Information Literacy as a Liberal Art This is by Jeremy J. Shapiro and Shelley K. Hughes. The subtitle is "Enlightenment proposals for a new curriculum."

From the site:

What does a person need to know today to be a full-fledged, competent and literate member of the information society? As we witness not only the saturation of our daily lives with information organized and transmitted via information technology, but the way in which public issues and social life increasingly are affected by information-technology issues - from intellectual property to privacy and the structure of work to entertainment, art and fantasy life - the issue of what it means to be information-literate becomes more acute for our whole society. Should everyone take a course in creating a Web page, computer programming, TCP/IP protocols or multimedia authoring? Or are we looking at a broader and deeper challenge - to rethink our entire educational curriculum in terms of information?

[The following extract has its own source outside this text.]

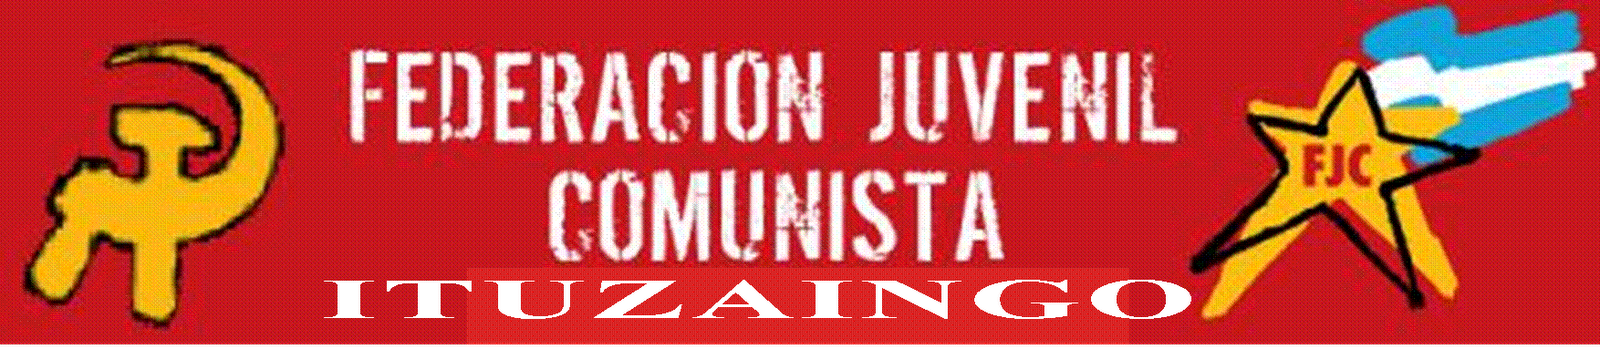 Federación Juvenil Comunista Ituzaingó
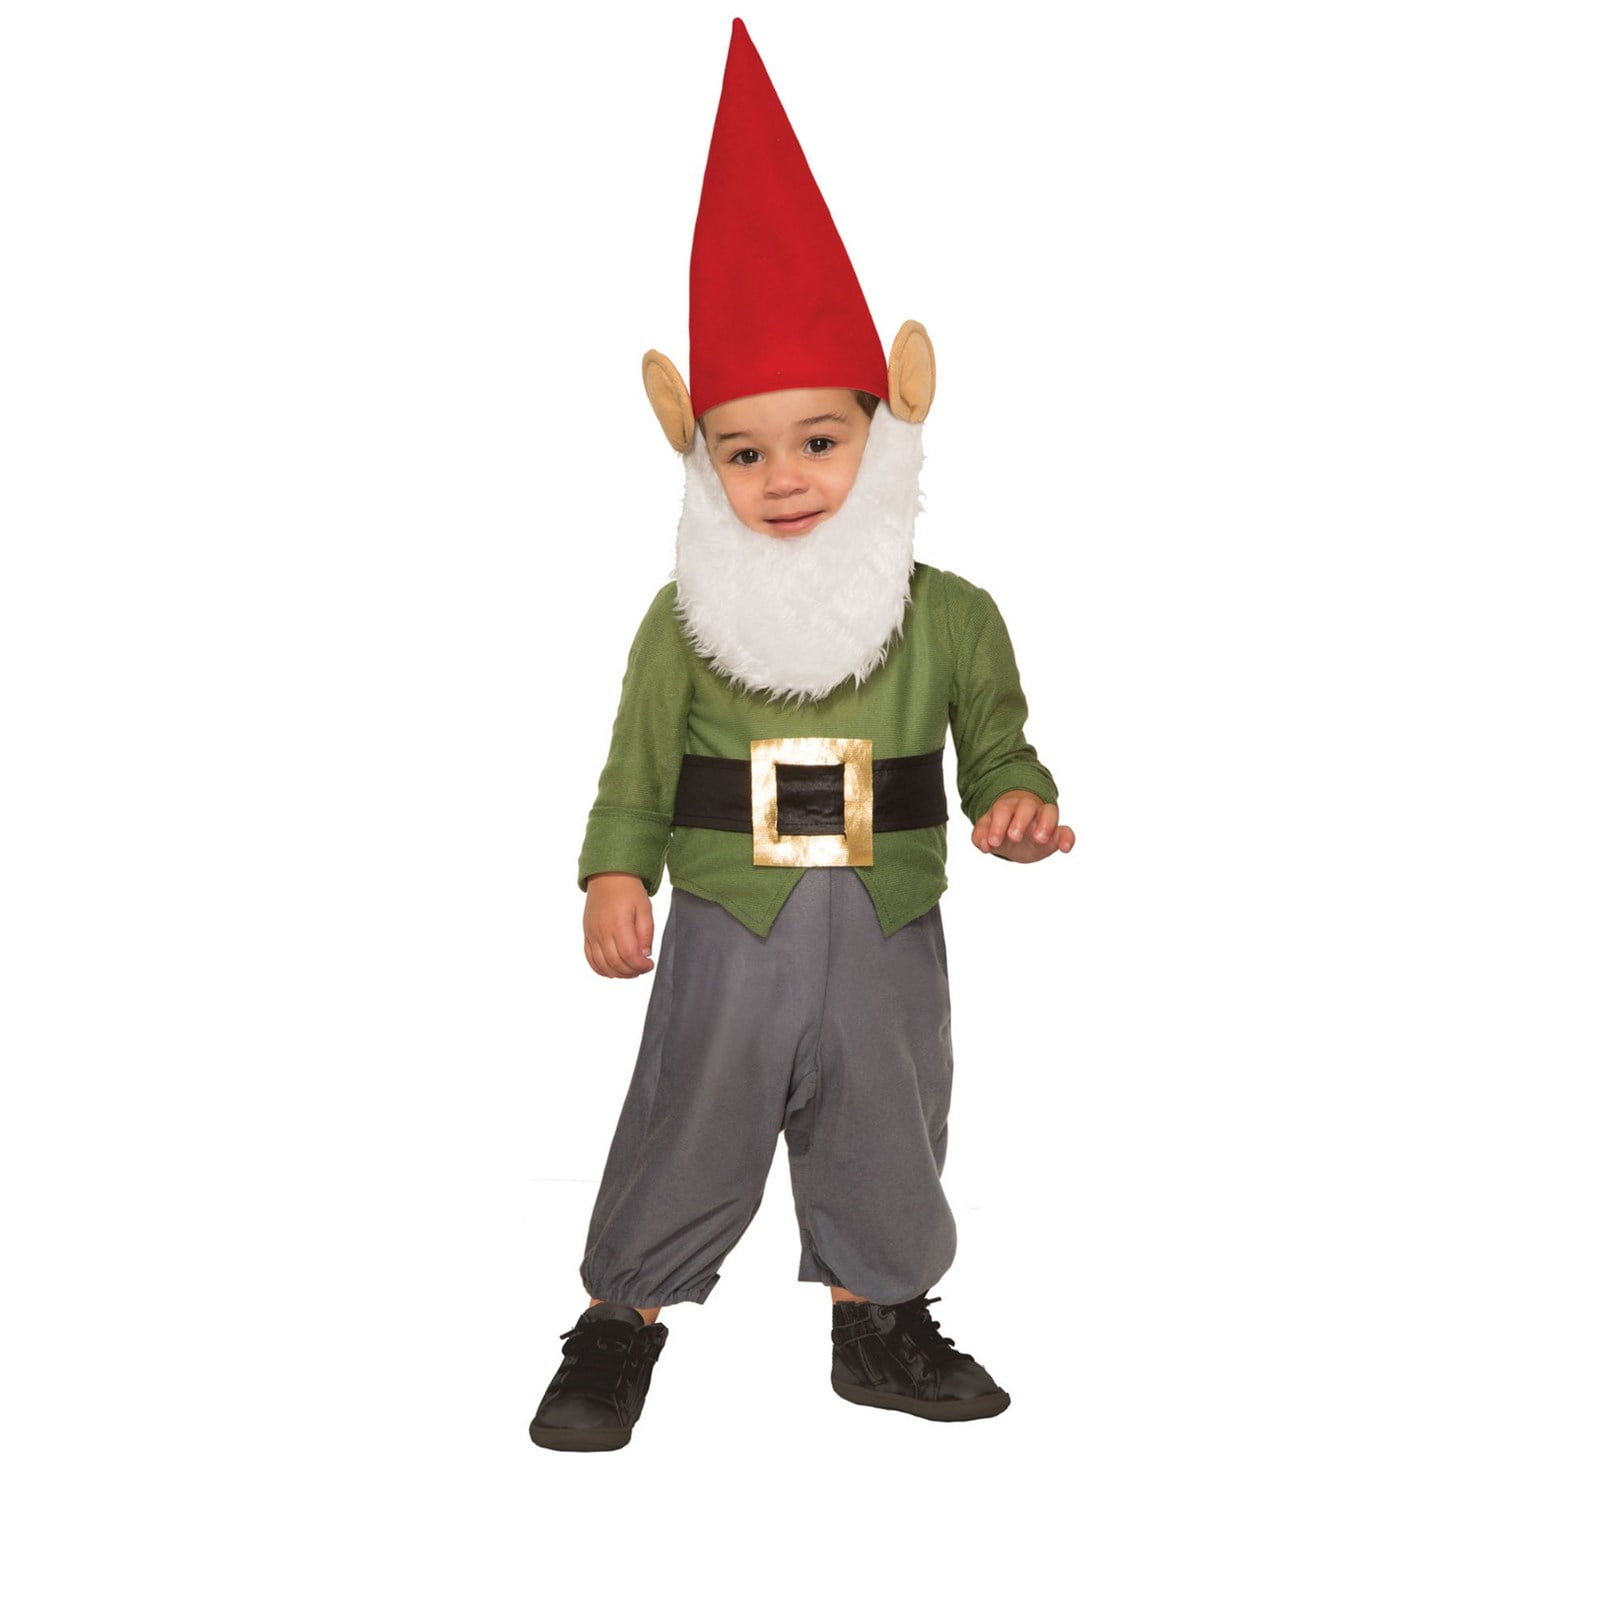 size 18-24 months or size 2T Details about   Gymboree Boys Gnome Costume EUC

In responding to these questions, it is useful to return to the 18th-century Enlightenment, when thinkers began to confront the relationship between scientific progress and the emergence of a free society. It is exactly 200 years since the publication of Condorcet's Sketch for a Historical Picture of the Progress of the Human Mind, the Enlightenment's greatest philosophy of history manifesto, written while Condorcet - mathematician, scientist, philosopher, educational reformer, journalist - was in hiding from the Jacobin terror of the French Revolution. In his Sketch, Condorcet told the story of humanity as a story of progress, in which "nature has joined together indissolubly the progress of knowledge and that of liberty, virtue, and respect for the natural rights of man," leading inevitably to humanity's "perfection" and "happiness." Condorcet is relevant to us today because he was attempting to project and plan for the future at a historical turning point.